Assuming this test passes as well, it's time to really go hunting. Bad ground, shorted wire, dead battery... all of these are likely candidates for your issue, but your charging system has just been verified to be working, so that's one thing you no longer have to look at.
 
Nice write up!


I was taught not to unplug the stator during a live test (supposedly was risky to the Reg/Rec) but to probe the back side of the connectors to check the AC output.


I'm no EE, so I don't know for certain if this risk is real or imagined.
 
Yeah, probably not a good idea.

The implication is that you would unplug the alternator prior to starting the bike. Running the bike without the alternator hooked up won't cause any issues that weren't already present.
 
The risk depends on whether you have a permanent magnet alternator or an excited field alternator. The excited field type would definitely risk the Reg/Rec as disconnected, the output of the field coil would rise trying to keep the battery charged.

A PM alternator, disconnected, has little effect on the regulator. However, I would not connect it while running, as you may have some high voltage on the output of the alternator.

Excited field alternators are very different creatures than permanent magnet types. The PM are simpler in concept, as the regulator does not actively control the output until the output exceeds a predetermined voltage level. Excited field regulators actively, and continuously, are adjusting the rotors magnetic field to keep the output at the voltage. what is nice about excited field is that they can generate voltage at a much lower RPM than PM types.
 
Don't y'all use a load for testing alternator output?
Standard English practice is to connect a 1 ohm load resistor across the leads. This insures that the alternator can supply sufficient current. Voltage alone tells only half the story.
 
mydlyfkryzis said:
Excited field alternators are very different creatures than permanent magnet types. The PM are simpler in concept, as the regulator does not actively control the output until the output exceeds a predetermined voltage level. Excited field regulators actively, and continuously, are adjusting the rotors magnetic field to keep the output at the voltage. what is nice about excited field is that they can generate voltage at a much lower RPM than PM types.

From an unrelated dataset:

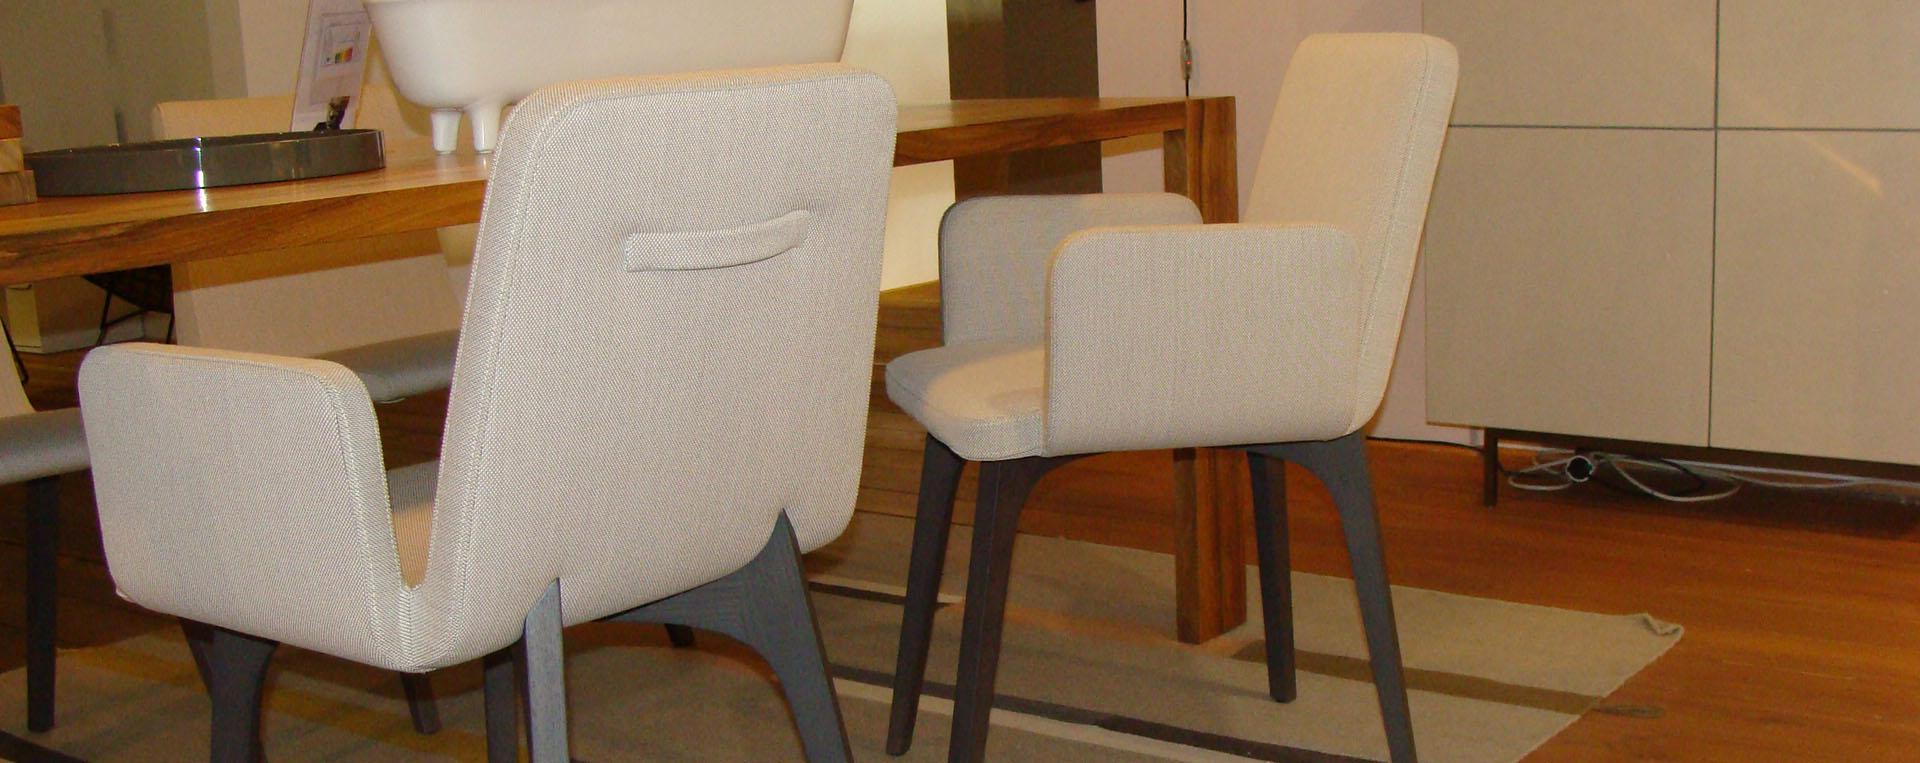 ligne roset preise schlafsofas ligne roset bei stylepark. Black Bedroom Furniture Sets. Home Design Ideas
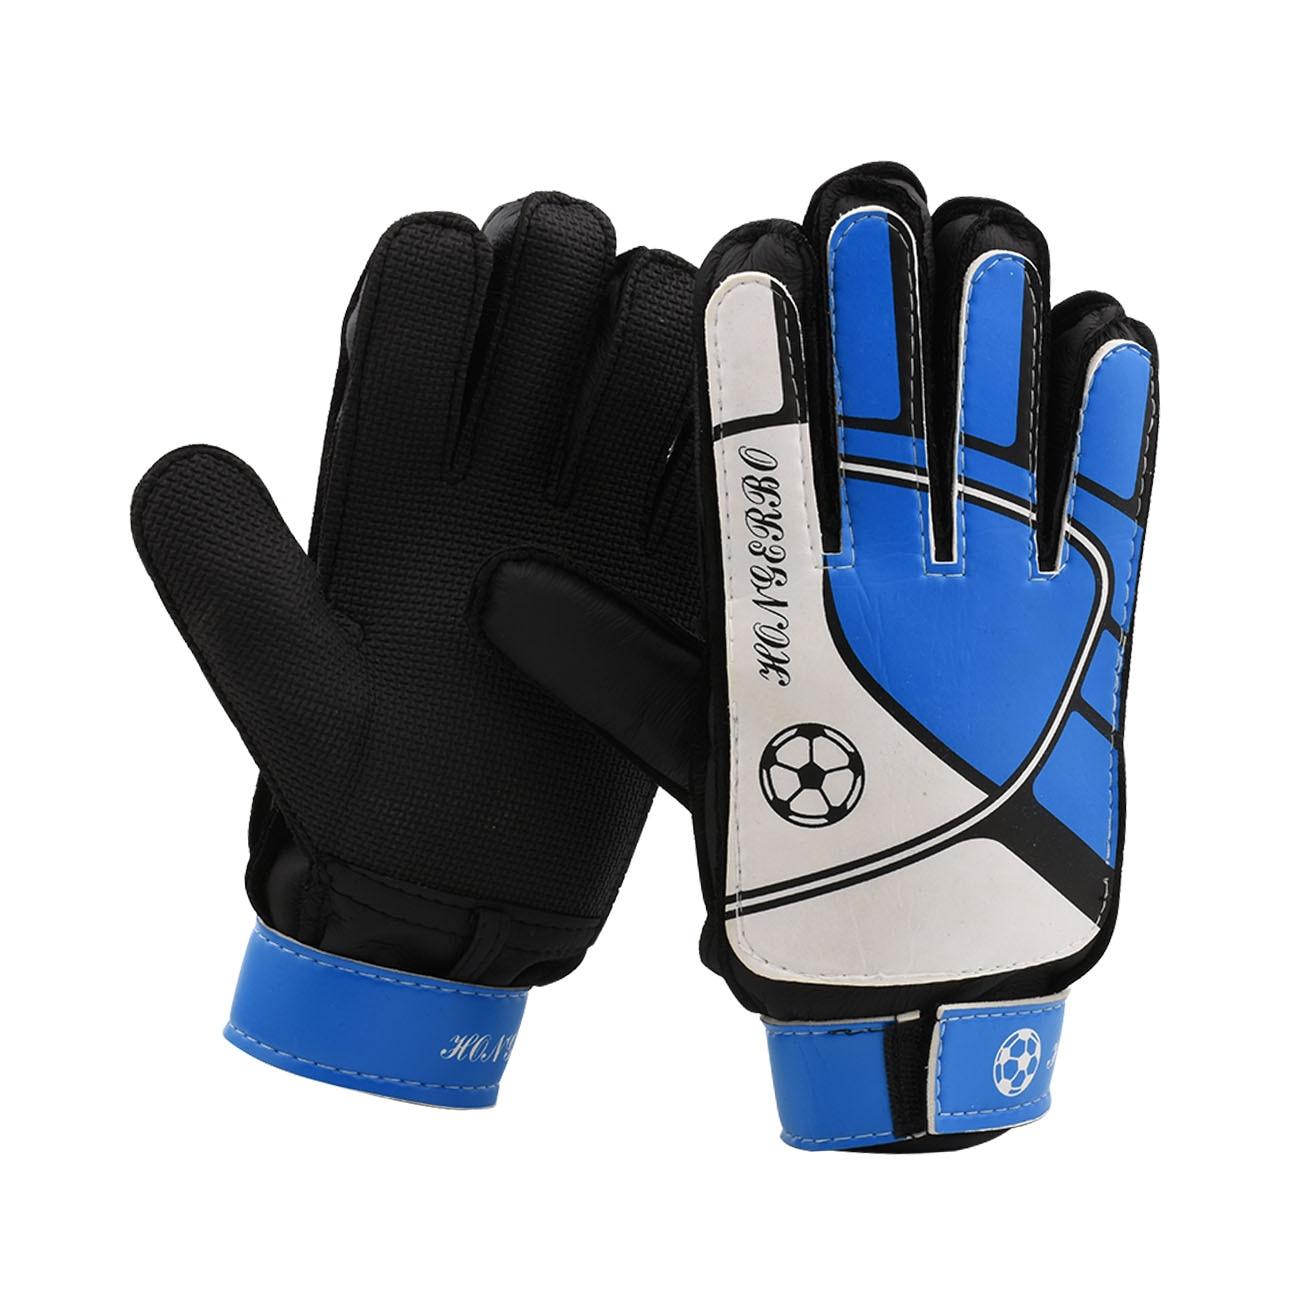 Professional Football Goalkeeper Gloves Adults Children Finger Protector Kids Soccer Goalie Gloves Latex Strong Finger Save Gear

Yes, and with excited field alternators, you also need to add checking the rotor's resistance and making sure the carbon brushes that send electricity for to it are in good shape as well. The testing is similar to testing the continuity on a stator, but rotors usually only have two connections. You check the resistance across the connection and compare it against the manual value (2-6 ohms for Hondas, normally the higher the better). No resistance means the rotor is shorted and bad, infinite resistance means that the rotor has a broken wire or two and is bad. You can check the functionality of the brushes by checking the rotor's resistance at the end of the alternator harness that plugs into the rest of the bike. The resistance readings should be similar to those you measured at the rotor itself.
 
Hi
Had a problem with severe misfire/ engine died, after 15-20 minutes of running. Tested everything from gas tank cap to spark plugs etc. Always started up fine when cold but started to misfire after a couple of miles. Electrics were fine, 14 V output and so. Almost given up on this, tried one last thing and changed the rectifier/regulator. Problem solved. I think one of the diodes in the rectifier quitted working properly when warm and started to emitt AC into the electrical system, causing the ignition system (Boyer) to go haywire.